Prerequisites Support Platform
- Gnu/linux is a platform for product development and operation. Hadoop has been validated on a clustered system consisting of 2000-node Gnu/linux hosts.
- The WIN32 platform is supported as a development platform . Because distributed operations are not fully tested on the Win32 platform, they are not supported as a production platform .
Required Software
The software required for Linux and Windows includes:
- javatm1.5.x, must be installed, it is recommended to choose the Java version released by Sun Company.
- SSH must be installed and guaranteed to run sshd to manage the remote Hadoop daemon with Hadoop scripts.
Additional software requirements under Windows
- Cygwin-shell support is provided outside of the above software.
Installing the Software
If your cluster does not have the required software installed, you will have to install them first.
Take Ubuntu Linux for example:
$ sudo apt-get install SSH
$ sudo apt-get install rsync
On the Windows platform, if all required software is not installed when installing Cygwin, you need to start Cyqwin Setup Manager to install the following packages:
Download
To get the release version of Hadoop, download the most recent stable release from one of the image servers in Apache.

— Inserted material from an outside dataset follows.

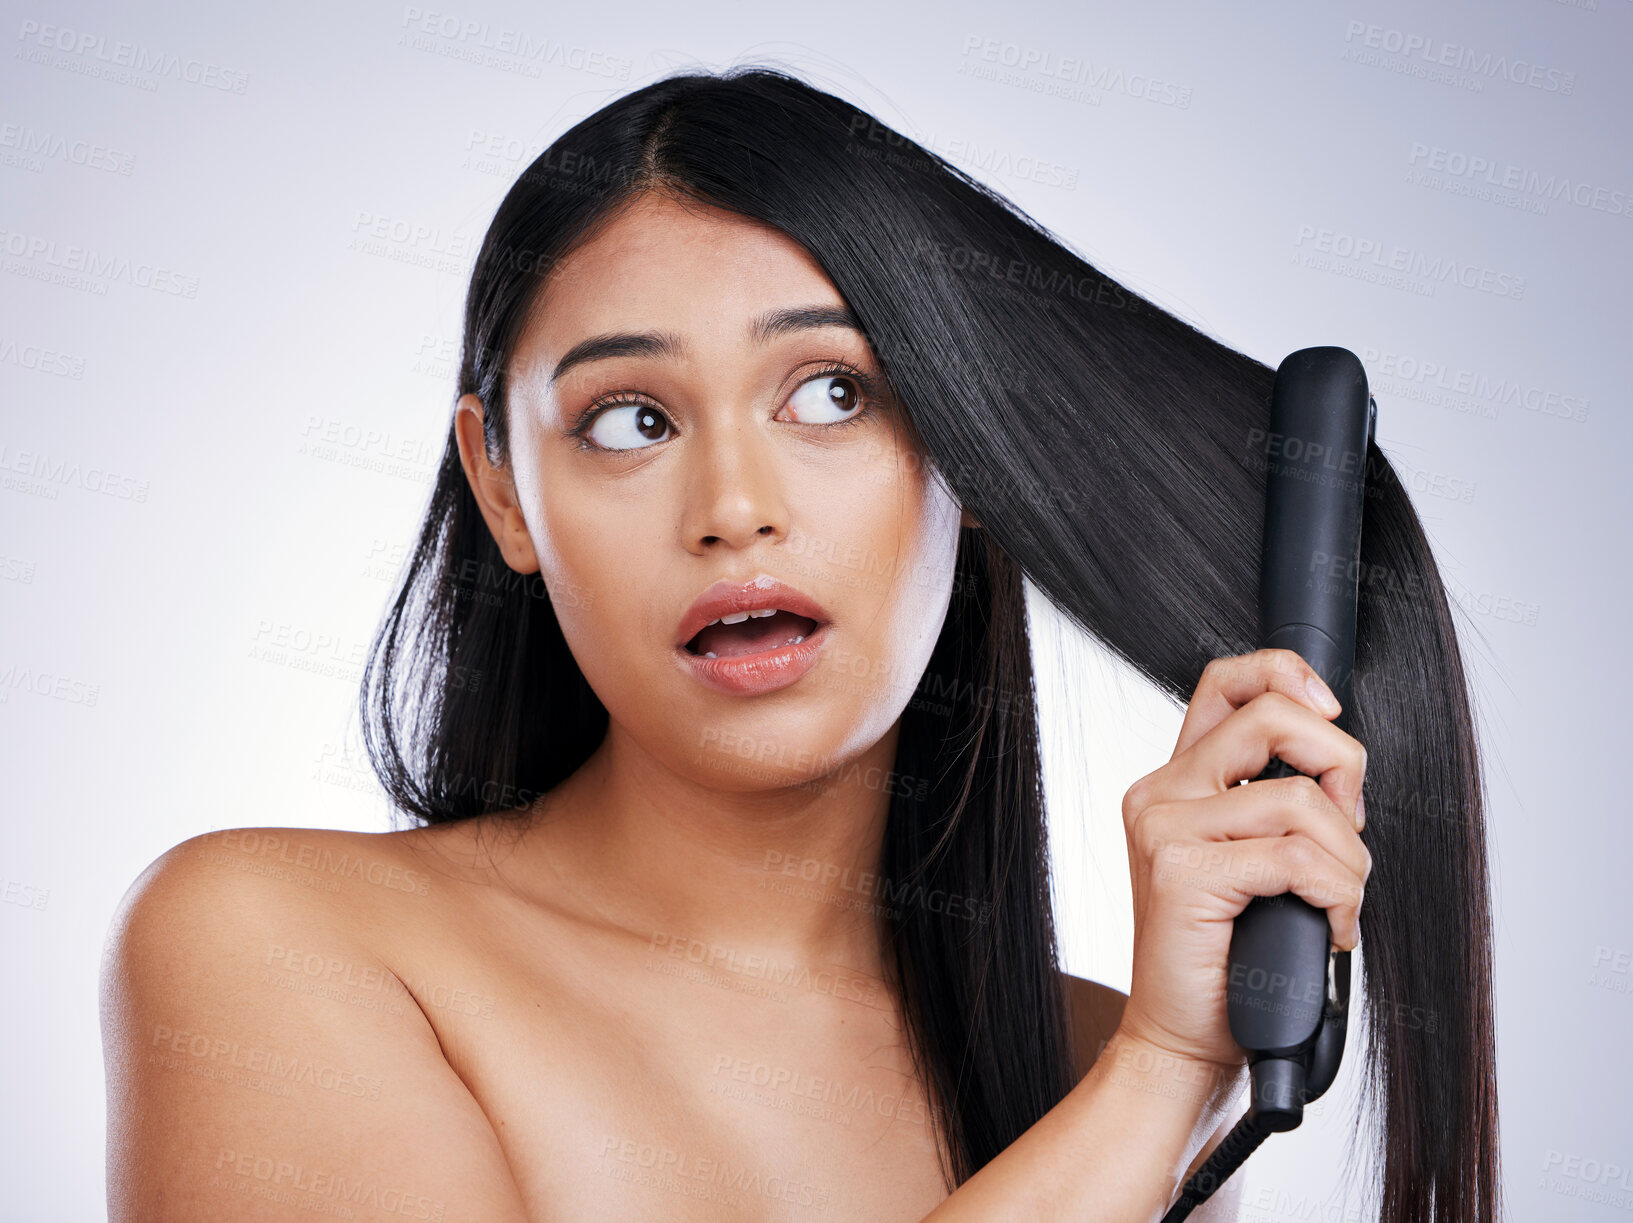 Buy stock photo Haircare, flat iron and face of woman with long hair, heat and luxury salon treatment on white background in Brazil. Beauty, straightener and latino model with straight hairstyle on studio backdrop.

Preparing to run a Hadoop cluster
Unzip the downloaded Hadoop release. To edit the conf/hadoop-env.sh file, at a minimum, you need to set Java_home to the JAVA installation root path.
Try the following command:
$ bin/hadoop
The usage documentation for the Hadoop script will be displayed.
Now you can start the Hadoop cluster in one of the following three supported modes:
- Stand-alone mode
- Pseudo-distributed mode
- Fully distributed mode
How to operate the standalone mode
By default, Hadoop is configured as a standalone Java process that runs in non-distributed mode. This is very helpful for debugging.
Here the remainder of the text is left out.